Prometheus monitoring and alerting
Prometheus is an open-source systems monitoring and alerting toolkit. Prometheus collects and stores metrics as time-series data, i.e. metrics information is stored with the timestamp at which it was recorded, alongside optional key-value pairs called labels.
Users can measure the internal status of a QuestDB instance via an HTTP endpoint
exposed by QuestDB at port 9003. This document describes how to enable metrics
via this endpoint, how to configure Prometheus to scrape metrics from a QuestDB
instance, and how to enable alerting from QuestDB to Prometheus Alertmanager.

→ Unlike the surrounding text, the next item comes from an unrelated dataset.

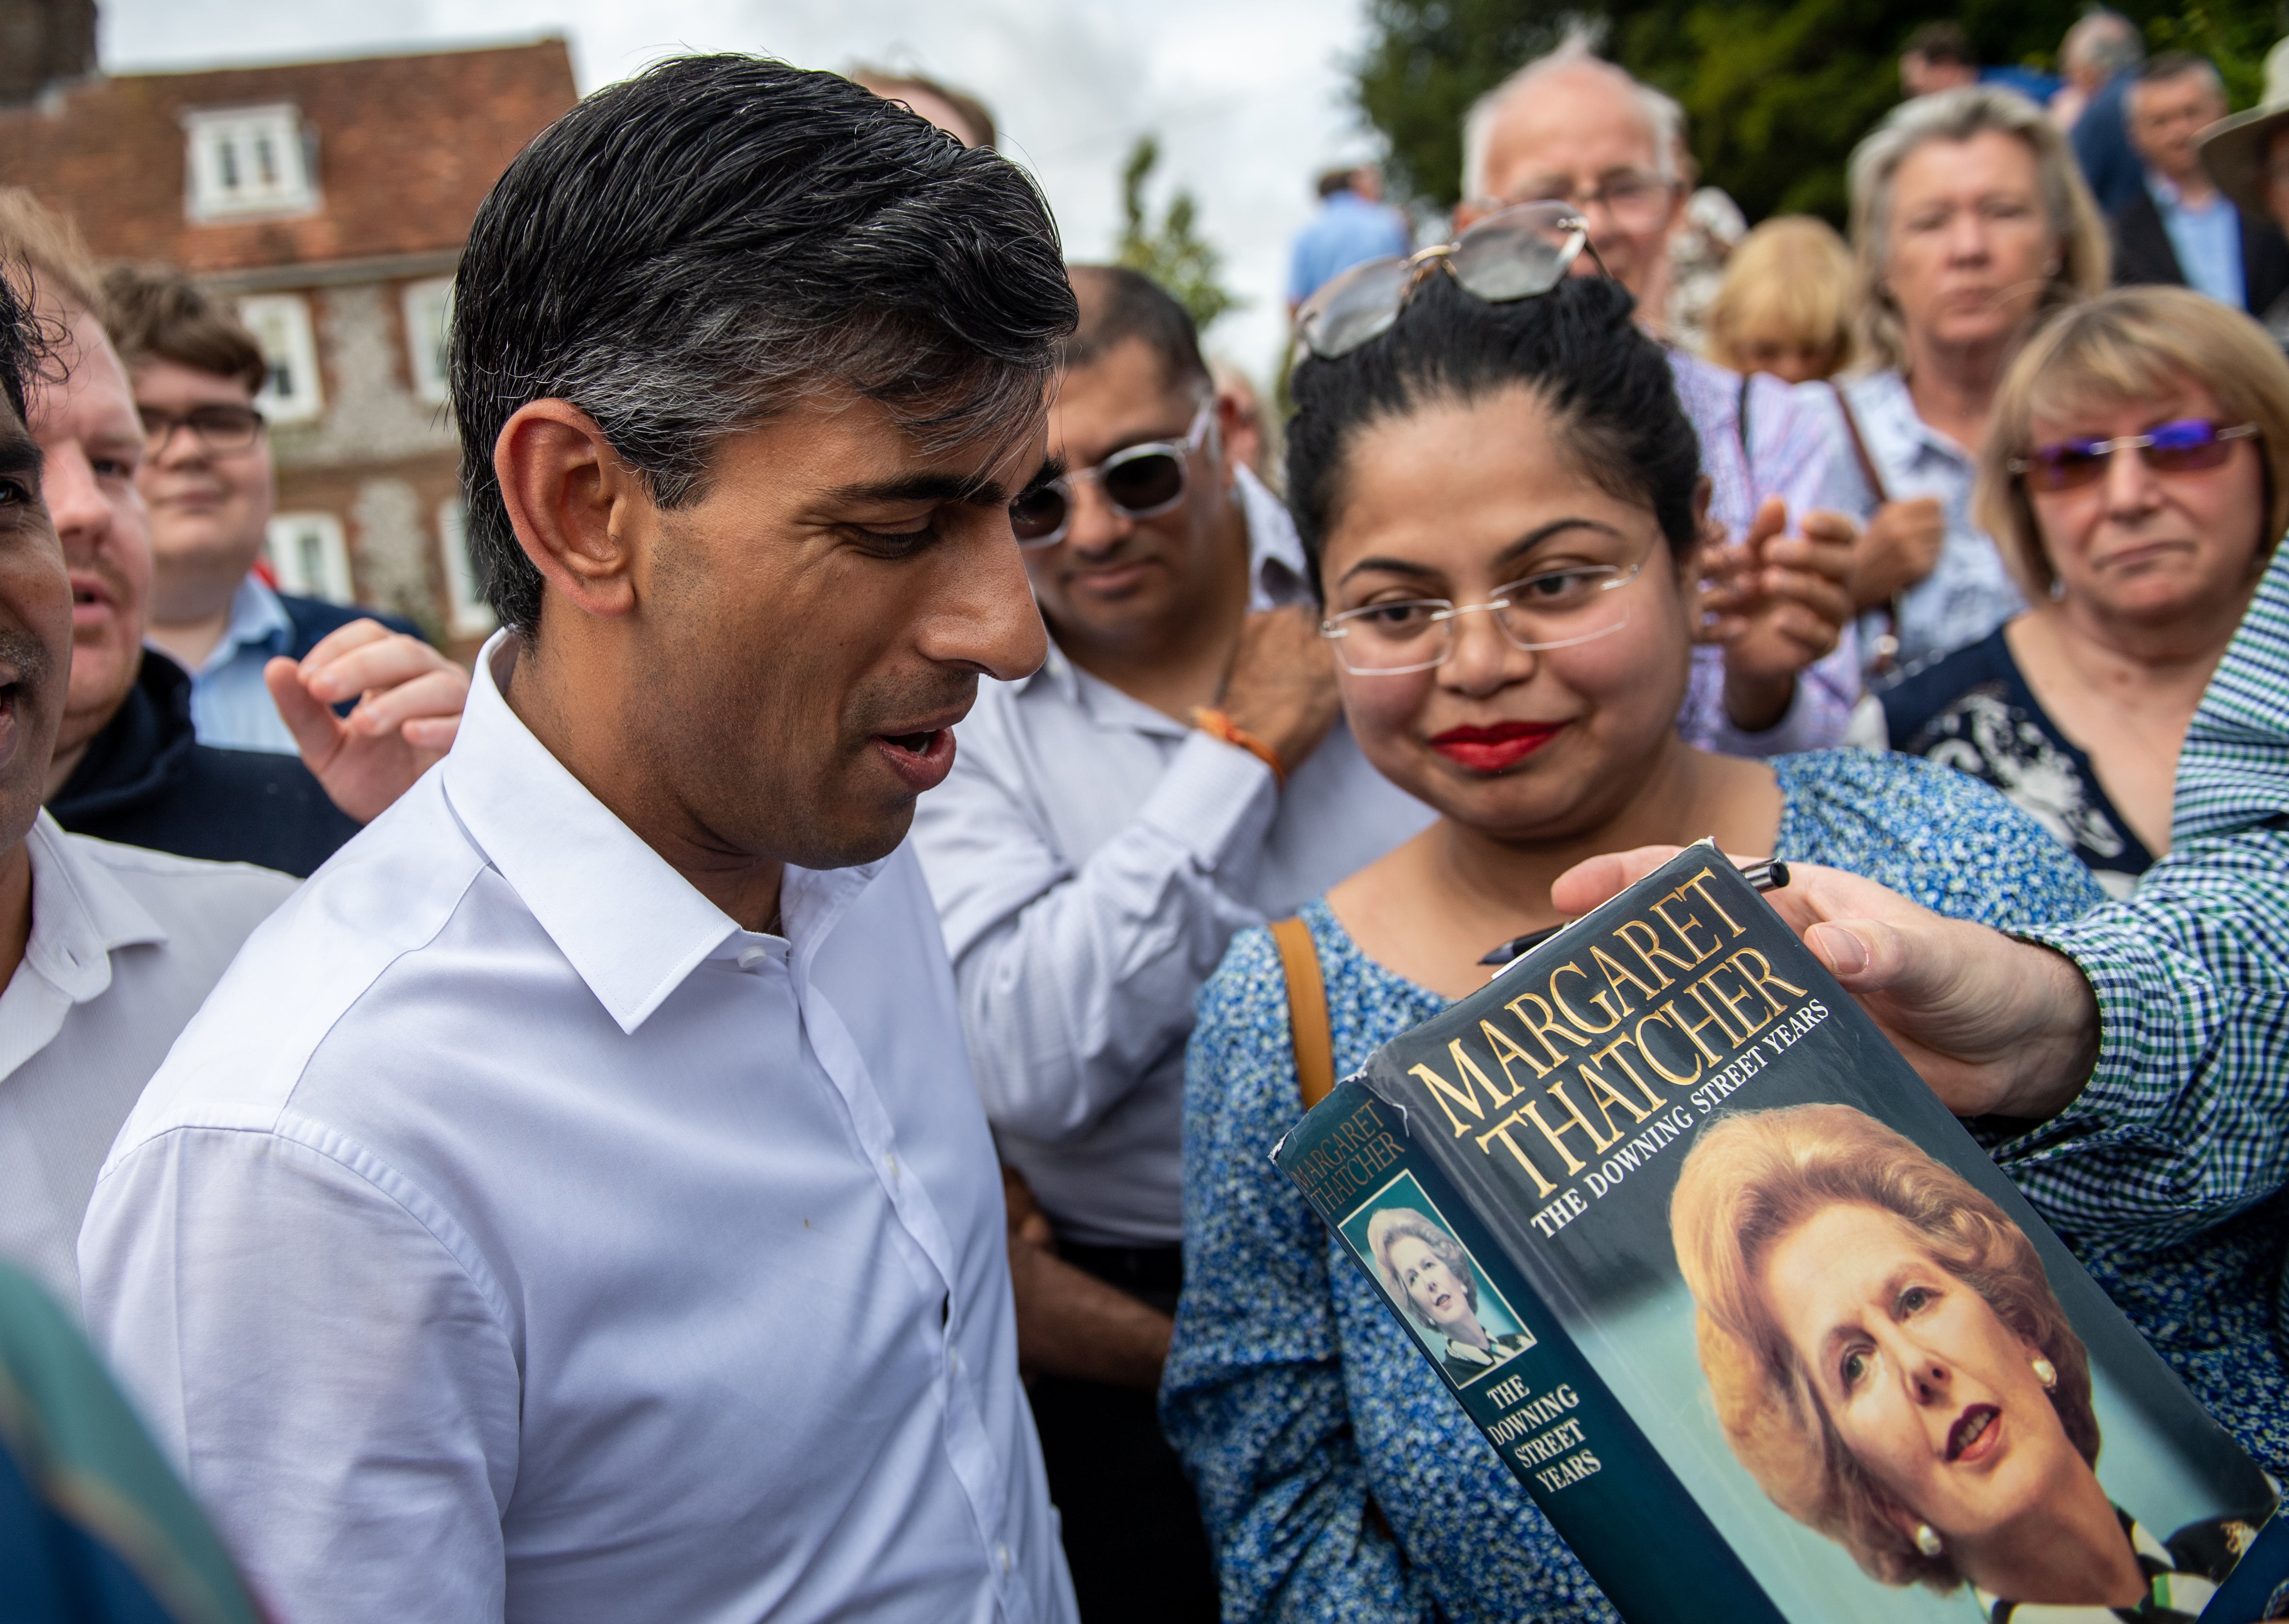 Rishi Sunak is handed a copy of former prime minister Margaret Thatcher’s book to sign at an event at Manor Farm, in Ropley near Winchester, Hampshire (Chris J Ratcliffe/PA)

For guidance on what metrics to monitor and alerting strategies, see Monitoring and alerting.
Prerequisites
-
QuestDB must be running and accessible. Checkout the quick start.
-
Prometheus can be installed using homebrew, Docker, or directly as a binary. For more details, refer to the official Prometheus installation instructions.
-
Alertmanager can be run using Docker or Quay, or can be built from source by following the build instructions on GitHub.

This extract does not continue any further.